Мы и видели-то ее раза три.

Каждый ожидал ее возвращения, чтобы заговорить, угостить чем-нибудь в баре, подарить ей цветок, улыбнуться с надеждой, но она так и не появилась. Она не показывалась на пляжах, праздниках, званых ужинах, никто так и не сумел к ней приблизиться.

Мысль о ней с самого начала лишила меня сил, и я замкнулся в мрачном, глубоком молчании.

Зато Пеппино ди Капри принялся кудахтать, стенать, угрожать – все впустую, он тоже не был с ней знаком, хотя и утверждал, что первым увидел ее, и вообще он родился на Капри, значит, она принадлежит ему по праву. Так он готовил почву, убирал конкурентов, хотя на самом деле их не было, потому что она нас игнорировала. А ведь всем было известно, что я, Пеппино, Димитрий, Альдо и Патрицио – первые красавцы на острове и можем легко заполучить любую женщину. Любую, кроме нее.

Тем летом Пеппино всем телом, душой и сердцем погрузился в тревогу и суету, он беспрерывно устраивал ужины, встречи, коктейли, концерты, праздники, полуночные купания, костры, дружеские трапезы в шесть утра, он звонил за границу, завязывал разнообразные знакомства – и все ради того, чтобы увидеть нашу Беатриче, а она не выходила в свет, пребывая на недостижимом Олимпе. Казалось, на острове никто не был с ней знаком. Ее недоступность доводила нас до отчаяния. О далекой Беатриче слагали легенды. Только представьте себе, какое безумие охватило моих приятелей: когда Патрицио предположил, что она прилетела с другой планеты, все отнеслись к его догадке серьезно, никто не смеялся, в общем, это казалось более чем вероятным.

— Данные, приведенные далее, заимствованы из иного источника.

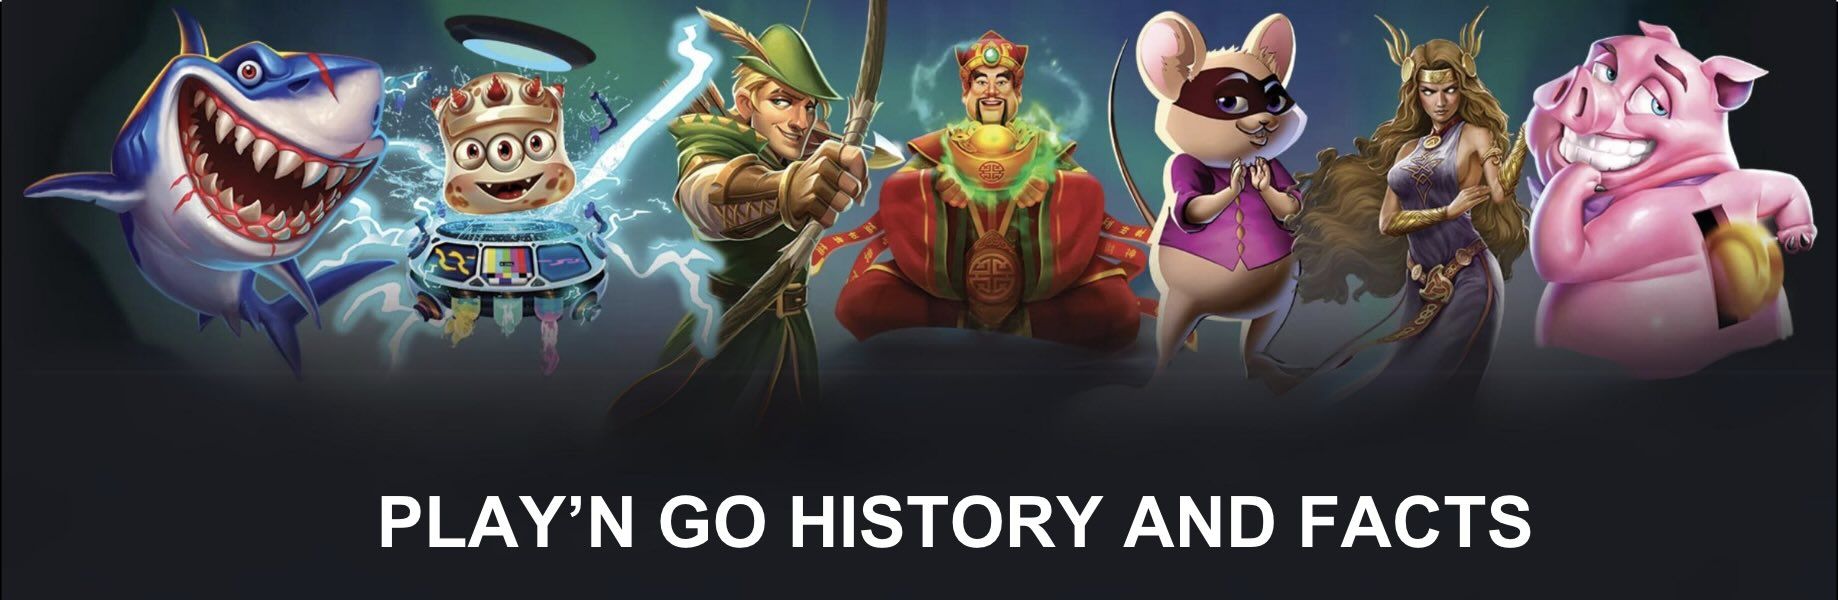 Image of Play'n GO History and Facts

Тем временем наступило двадцатое августа, Пеппино уже почти охрип. Она была где-то на острове, периодически ее видели, а после рассказывали нам об этом таким голосом, с такой интонацией, словно она была призраком, – шепотом, как заговорщики, готовые помочь влюбленным. Но мы уже и не знали, кому верить.

Пеппино угрожал броситься со скал Фаральони, если не познакомится с ней (о том, чтобы завоевать ее, речи больше не шло), он мечтал хотя бы узнать, как ее зовут. Да, наш Пеппино ди Капри умерил свои аппетиты. И, клянусь всем святым, он повредился умом. Пеппино обошел всех владельцев продовольственных магазинов на Капри, потому что, как он объяснил, эта женщина должна что-то есть. Но в магазинах ее ни разу не видели.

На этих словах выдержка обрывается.